Lead the date—make decisions and show confidence without being overbearing. 🕴️
Logistics are important; meet near your area to ensure convenience and familiarity. 🚇
Never put the girl on a pedestal; remember, you are enough and deserve the interaction. 🌟
Try not to be a conversational dictator—let her have a say and invest in the conversation. 💬
Overview
Dating in Korea comes with its unique set of challenges, especially when you're not familiar with cultural nuances. The Pickup Korea podcast offers a comprehensive guide to avoiding common pitfalls that many foreigners face when dating Korean women. The host explores the common mistakes, such as dragging on dates excessively or rushing through them, and how to strike the right balance for a meaningful connection.
The episode delves into the importance of leading a date with confidence and making decisions, rather than putting pressure on your partner. The importance of not being overly handsy, respecting the cultural space, and ensuring authentic interaction—as opposed to being overly smiley or needy—is emphasized. Building a genuine connection means finding the balance between being friendly and showcasing assertiveness, while allowing room for the other person to share their thoughts and emotions.
The podcast stresses practical tips, like understanding the logistical aspects of dating (such as meeting near your area), and maintaining self-worth to avoid putting your date on a pedestal. Recognizing that you are deserving of their time and effort can lead to more successful and rewarding dating experiences. The game is about executing well and staying present rather than overloading the interaction with too many expectations.
Chapters
00:00 - 00:30: Introduction: Common Dating Mistakes This chapter of the podcast, 'Introduction: Common Dating Mistakes,' discusses prevalent issues faced by individuals who are new to dating in Korea or who are starting to date frequently. The host identifies recurring mistakes made during dates with Korean women and provides suggestions on how to correct these errors. The goal is to help listeners improve their dating experiences by making them aware of these common pitfalls.
00:30 - 02:30: Issue 1: Dragging on Dates This chapter addresses the common dating issue where dates tend to drag on for too long. It discusses a scenario where a date starts at 5 p.m. and involves a series of activities such as going for coffee, dinner, drinks, and then ice cream. The focus is on recognizing and overcoming the tendency to extend dates unnecessarily with strategies and mindsets to improve the dating experience and address such sticking points.

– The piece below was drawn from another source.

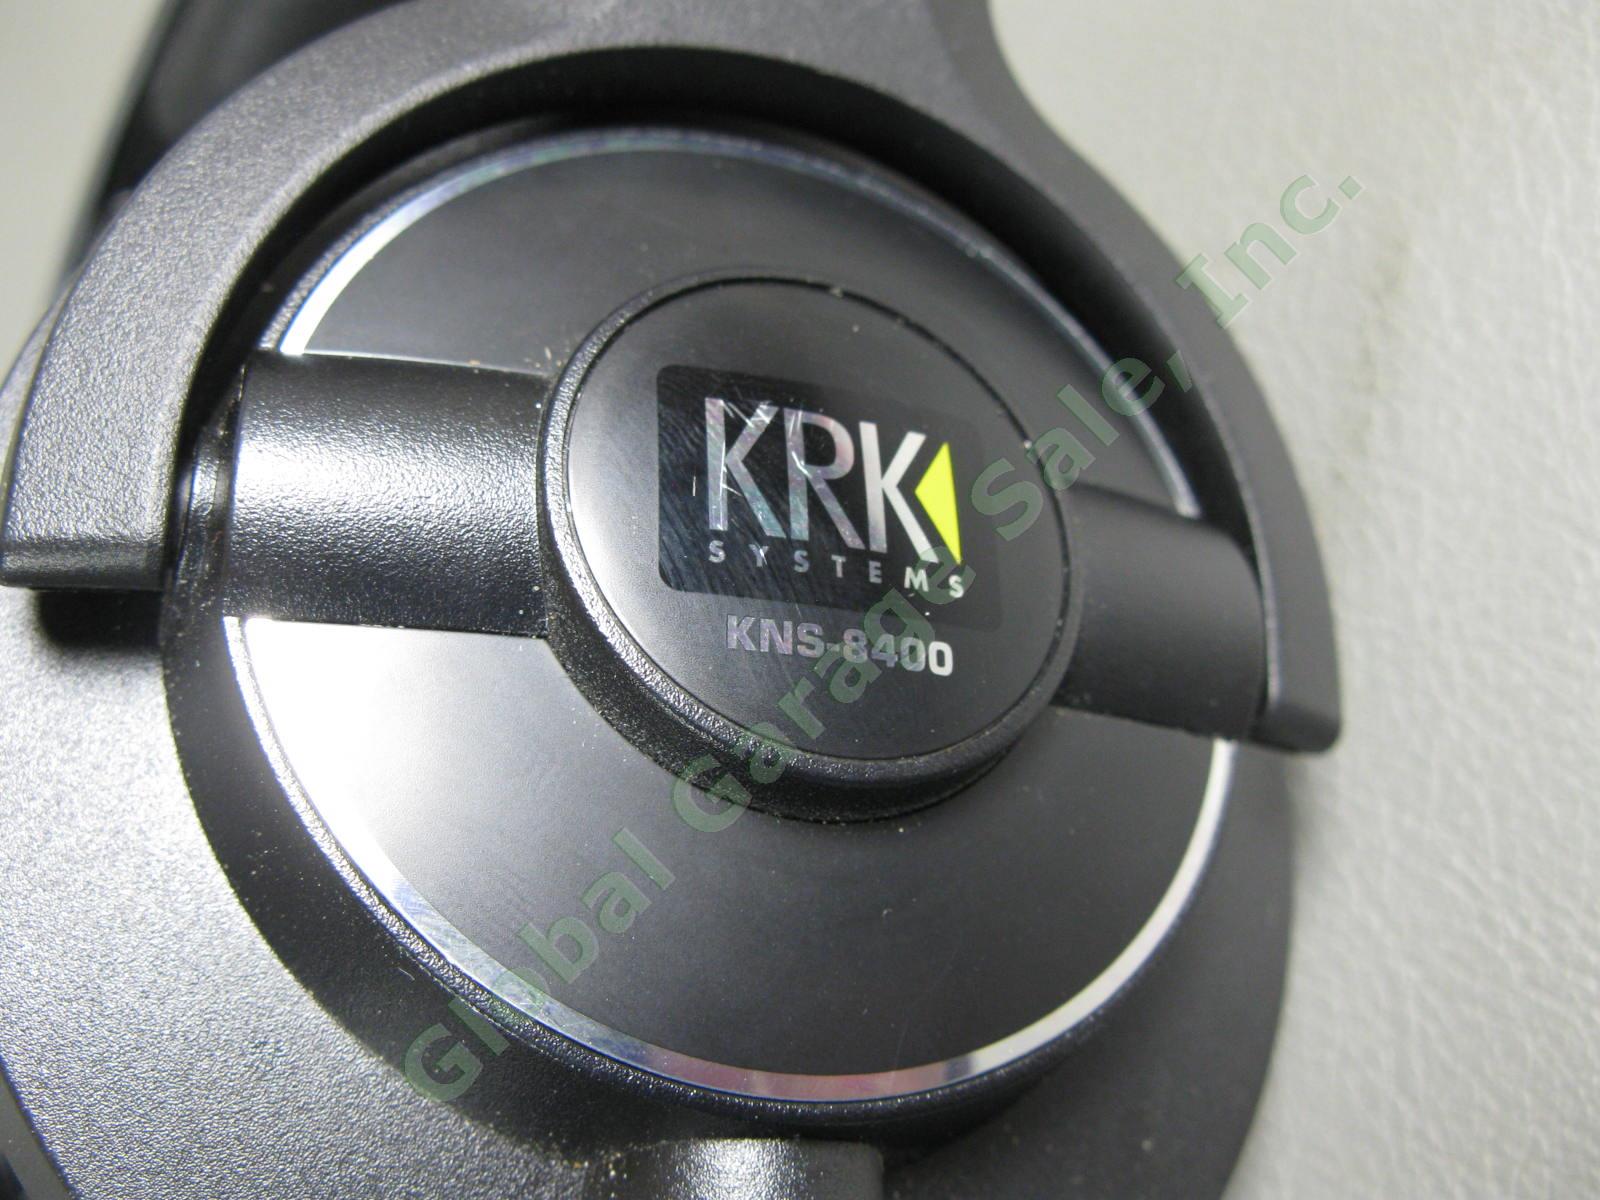 KRK Systems KNS-8400 Professional Dynamic Reference Studio Monitor Headphones NR 2

05:00 - 06:00: Issue 2: Being Too Handsy In this chapter, the author discusses the pitfalls of long dates that extend late into the night, leading to logistical challenges such as missing the last train. The narrative suggests that while second dates may occasionally happen, relying on chance repeatedly in the context of dating may not yield consistently successful outcomes.

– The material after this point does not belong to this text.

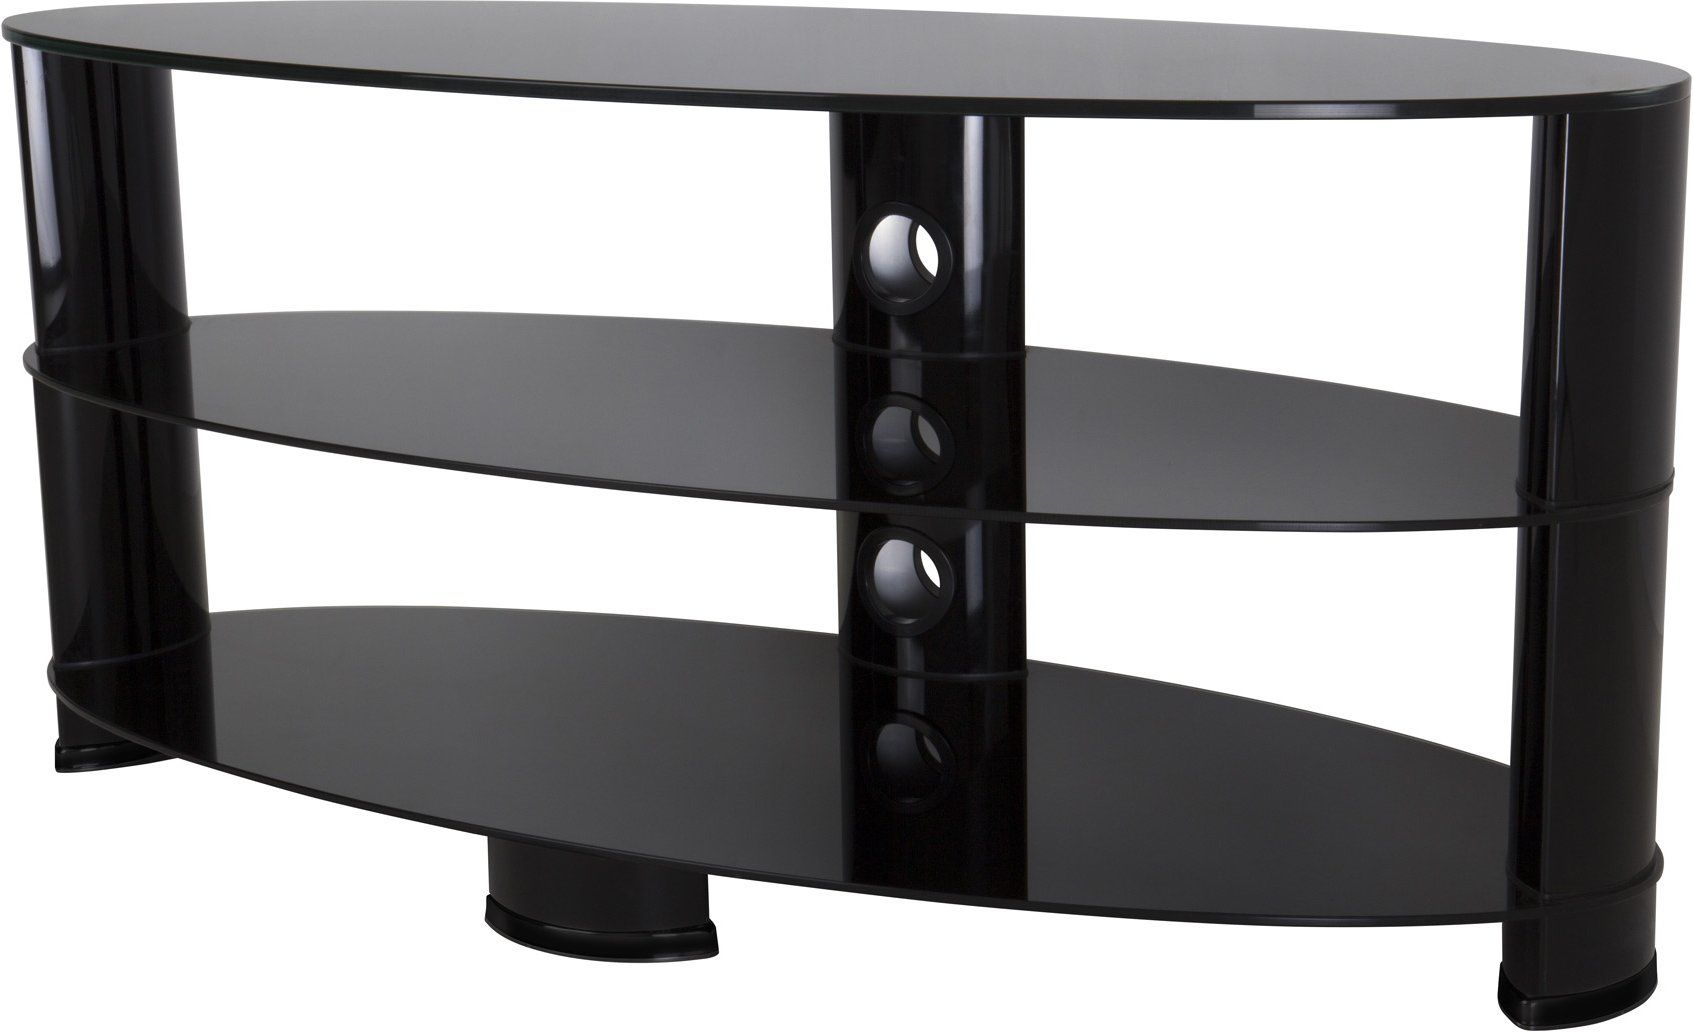 Avf Ovl1200bb Oval Glass Tv Stand For Tvs Up To 55 Inch Within Glass Shelves Tv Stands For Tvs Up To 50" (Photo 6 of 15)

06:00 - 10:00: Issue 3: Being Overly Friendly The chapter discusses the potential downsides of being overly friendly during dates. It emphasizes the importance of executing actions in the moment rather than delaying decisions or actions for future dates. The conversation highlights that while long dates can help build connection, prolonging things unnecessarily can have adverse effects.
11:40 - 15:00: Balancing Positivity and Negativity This chapter discusses the importance of quality time in relationships, emphasizing that it's not just the duration of time spent together that matters, but the vibe and connection. It cautions against the misconception that spending many hours across various activities leads to stronger relationships, highlighting instead the significance of meaningful interaction.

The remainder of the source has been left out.